На душе словно пропасть разверзается. Жутко становится. А если бы опоздал? Если бы не остался на концерт или не услышал разговор работников?
Если бы…
Кроет от этих мыслей как от убойной дозы алкоголя. Перед глазами пелена. А за грудиной тишина.
Плохо, будто вот-вот сдохну.
— Я тебя из-под земли достану, — доносится с пола. — Закопаю.
Урод, похоже, не понимает, на что нарывается.
— Добавки захотел? Пожалуйста! — Бью его ногой пониже живота. Прямо в ту штуку, которую он хотел засунуть в мою девочку.

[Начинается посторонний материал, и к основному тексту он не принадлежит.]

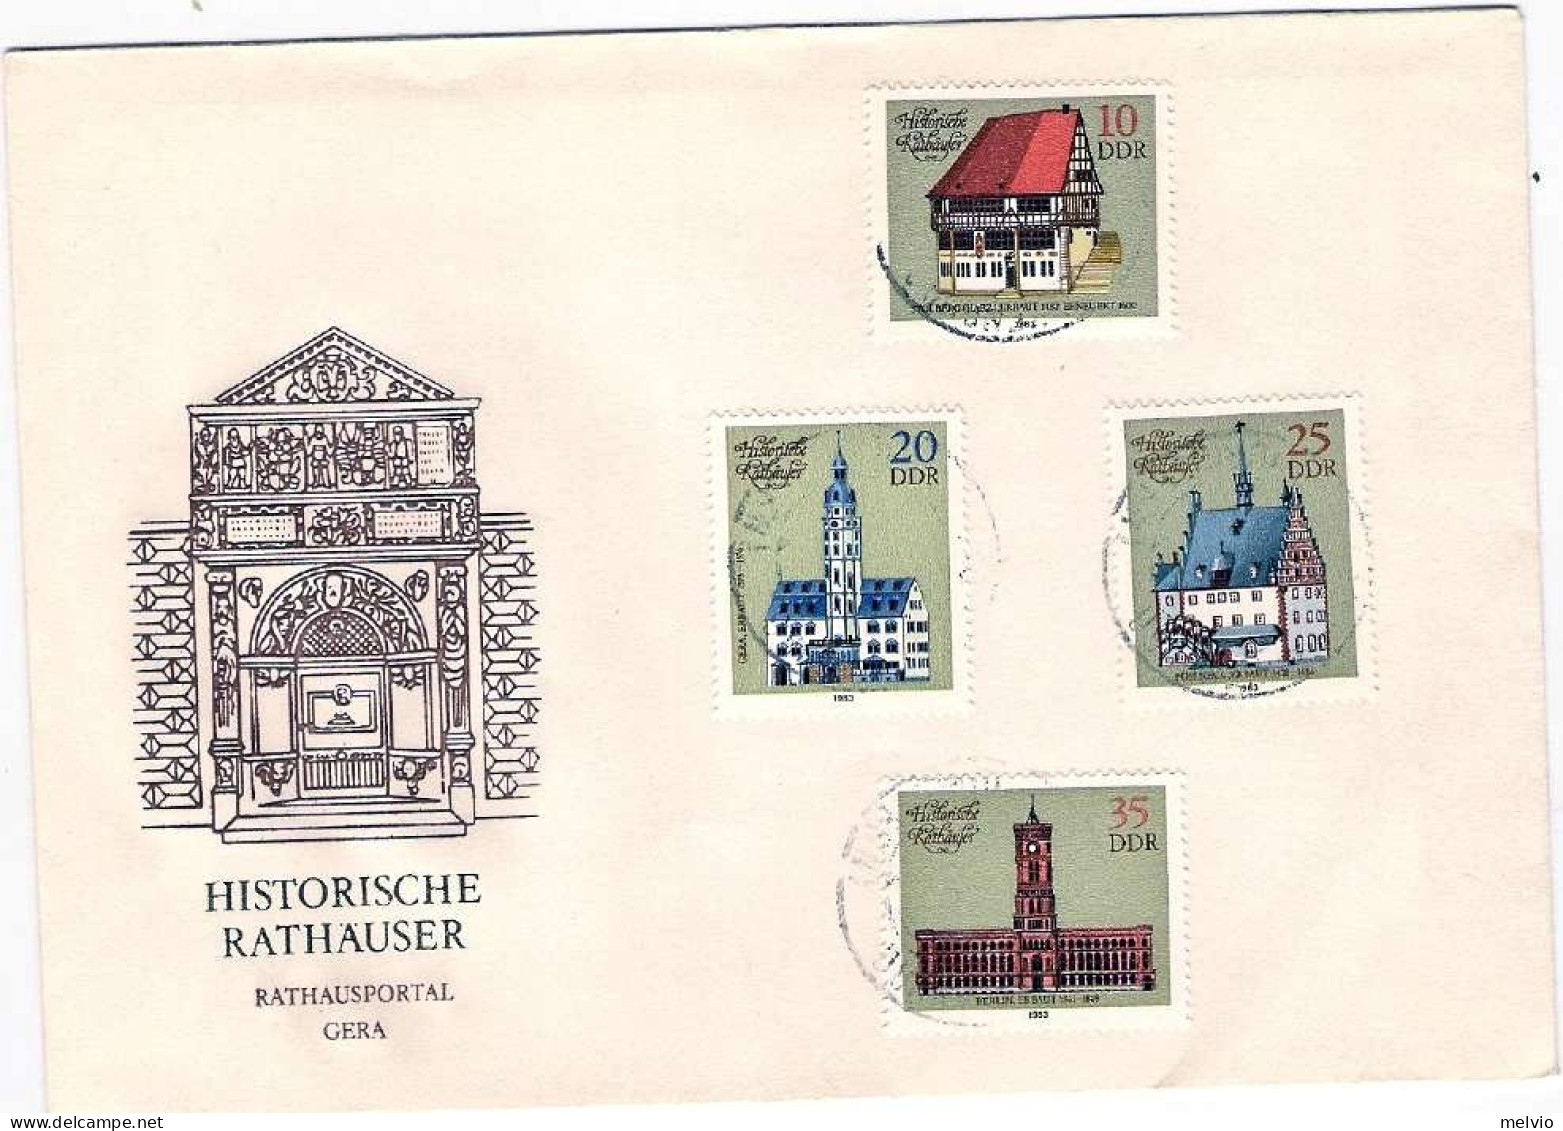 1983-Germania DDR S.4v."Municipi Storici"su Fdc Illustrata, Annullo Di Favore - Lettres & Documents

— А-а-а! — разносится по комнате громкий вопль. — И шлюху твою по кругу пущу! — хрипит Леванский, сплевывая на пол кровавый сгусток.
— Уже трясусь от страха. — Присаживаюсь на корточки возле ублюдка. — Заметно, как мне страшно?
Хватаю его за жиденькие волосенки и заставляю посмотреть мне в глаза.
— Су-ка, — тянет боров.
— Раз ты у нас такой разговорчивый, ответь мне на один вопрос! Кто?
— Пошел ты! — Пытается плюнуть в меня и промахивается.
— Обязательно пойду. Только вначале ответ! — Отрываю одну его руку от причинного места и заламываю средний палец.
Не самый «убедительный» прием. Но с Евы и так хватит. Не стоит ей видеть более эффективные методы.
— Да она сама хотела! — мужик с ужасом смотрит на свою ладонь. — Как миленькая ко мне пришла.
— Сама? — Резко, до хруста загибаю палец назад и сразу же берусь за следующий.
— А-а-а… — Мужика начинает трясти.
— Давай еще раз. — Оттягиваю палец. — Кто дал разрешение трогать эту женщину?!
Наклоняюсь ниже, чтобы расслышать имя. И на сей раз урод сдается.
— Катков. Ее агент, — завывая, шепчет урод. — Он сказал, что у девки заканчивается контракт, и он готов подвинуться.
— Подвинуться… — Сжимаю зубы так сильно, что, кажется, они вот-вот рассыплются в крошку.
— Я бабки через своего человека ему передал. Все чисто! — завывает ублюдок.
— Чистюли, блядь. Оба! — Мысленно представляя, как выпускаю кишки Каткову, ломаю второй палец. И отворачиваюсь от этого куска мяса.
— Тва-а-арь, — раздается поскуливание за спиной. — Мертвецы. Оба.
Леванский заливается слезами как пацан. Только мне уже пофиг. Разговор закончен. Дальше с ним будут «общаться» обученные специалисты.